Q&A: Bringing Equity Back to California School Funding

March 21, 2013

Editor’s Note: California Gov. Jerry Brown has proposed a new formula for funding the state’s public schools. Known as the Local Control Funding Formula, the plan seeks to address glaring inequities plaguing the current K-12 school finance system. In 2008, State Board of Education President Michael Kirst co-authored a policy brief that became the foundation for Brown’s proposed formula. NAM editor Peter Schurmann spoke with Kirst about how the state ended up with the system now in place and whether the governor’s formula can help turn things around.

New America Media: If education experts agree on anything, it’s that California’s current school funding system is a wreck. How did we get to this point?

Michael Kirst: California was the nationwide leader in school-finance equity up to 1971. That year, the state’s Supreme Court ruled in Serrano v. Priest that the system was unconstitutional because it was based on property tax wealth in California’s more than 1,000 districts. The court was convinced there was a correlation between the wealth of property in the district and the spending level.

This was a major issue in the 1974 campaign for governor, and I was brought in as the advisor for Gov. Brown to solve it. The courts said, “Just make sure the districts are spending about the same amount of money, even if their property tax values vary enormously.”

So we leveled the high-spending districts down and leveled the low-spending districts up. Finally, something like 95 percent of pupils were enrolled in districts that were spending within $300 of each other. The courts said, “Fine, you’ve done your job.” And they ended the suit.

Well, that left us with no adjustments for special needs. And then the categorical programs [legally required, such as special education] began to really proliferate.

NAM: In your view, will Gov. Brown’s proposed Local Control Funding Formula be effective in returning the state to a more equitable system?

Kirst: The plan really adjusts for pupil needs in a way that the current formula does not. As the state added categorical programs, some of them were directed toward needy pupils, but many were not.

As we discussed, the Serrano decision in 1971 was very important in pushing school finance equity. But it merely [said] school districts should spend about the same amount.
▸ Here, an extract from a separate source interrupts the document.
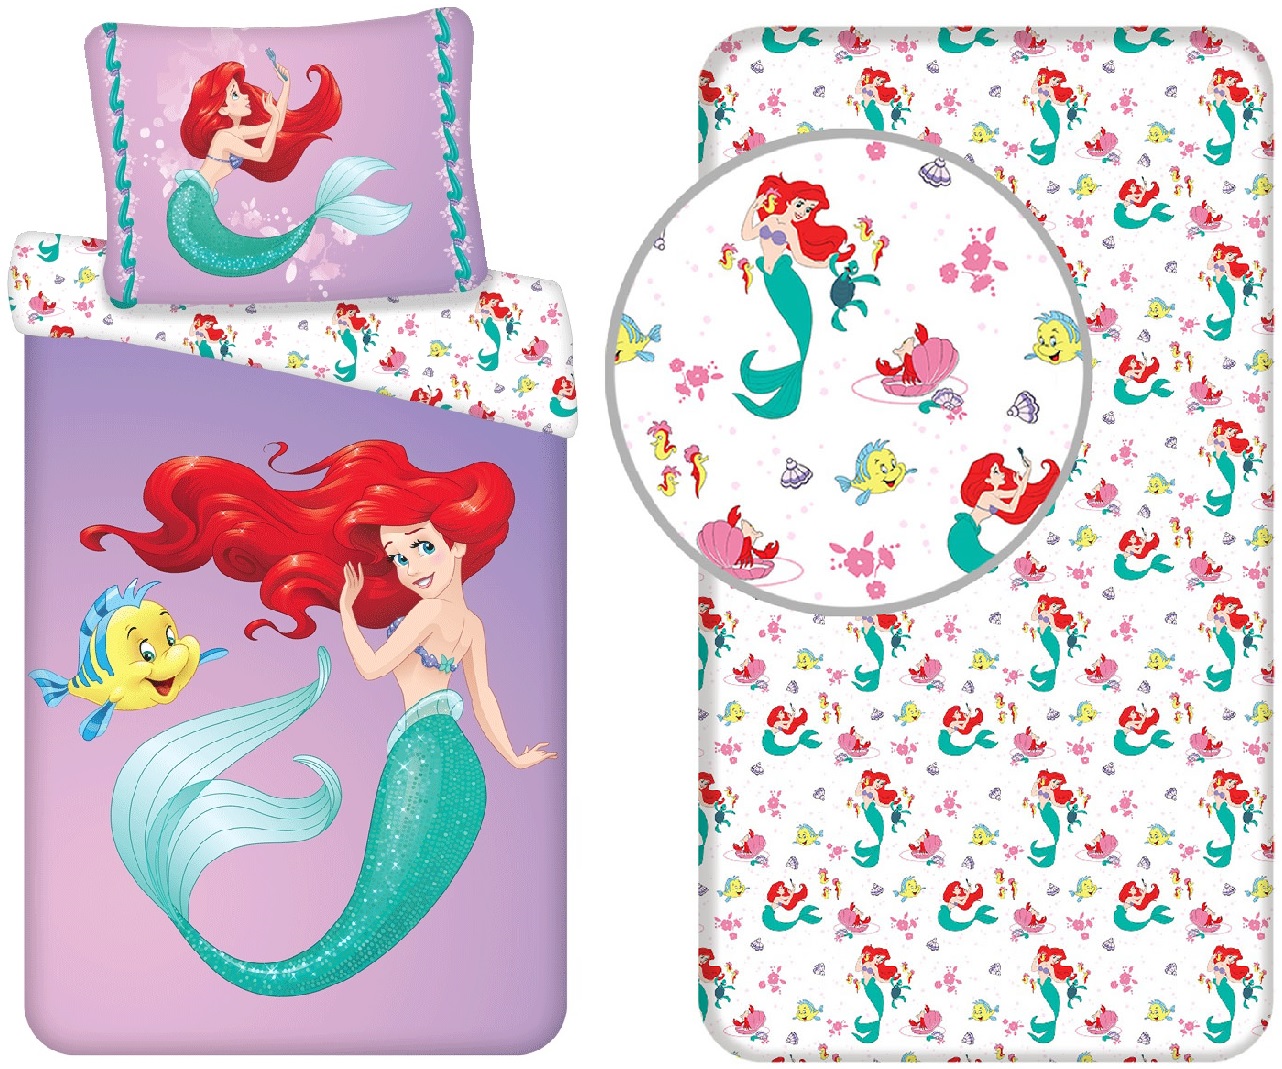 Disney Arielle die Meerjungfrau Kinder Bettwäsche Set 140x200 + 70x90 cm und Spannbetttuch 90x200 cm, 100 % Baumwolle, Komplettset

It ignored [adjusting] the finance system to differing needs of pupils, rather than just worrying about the differences in spending between districts like Beverly Hills and low-income Baldwin Park, for example.

The other thing that is important is the [formula’s] concentration factor. This is really important for California, where so many students live in districts with high concentrations of not only low-income students, but also English learners. [In the new formula] we felt there are special circumstances like these that deserve even higher weightings.

NAM: Previous attempts have been made to pass similar formulas. What’s changed in Sacramento that might give this one a fighting chance?

Kirst: I would say it’s gubernatorial leadership. The governor’s office in California is inherently very powerful, [and Gov. Brown] has really seized this issue in a passionate and committed way, rather than in just an intellectual way.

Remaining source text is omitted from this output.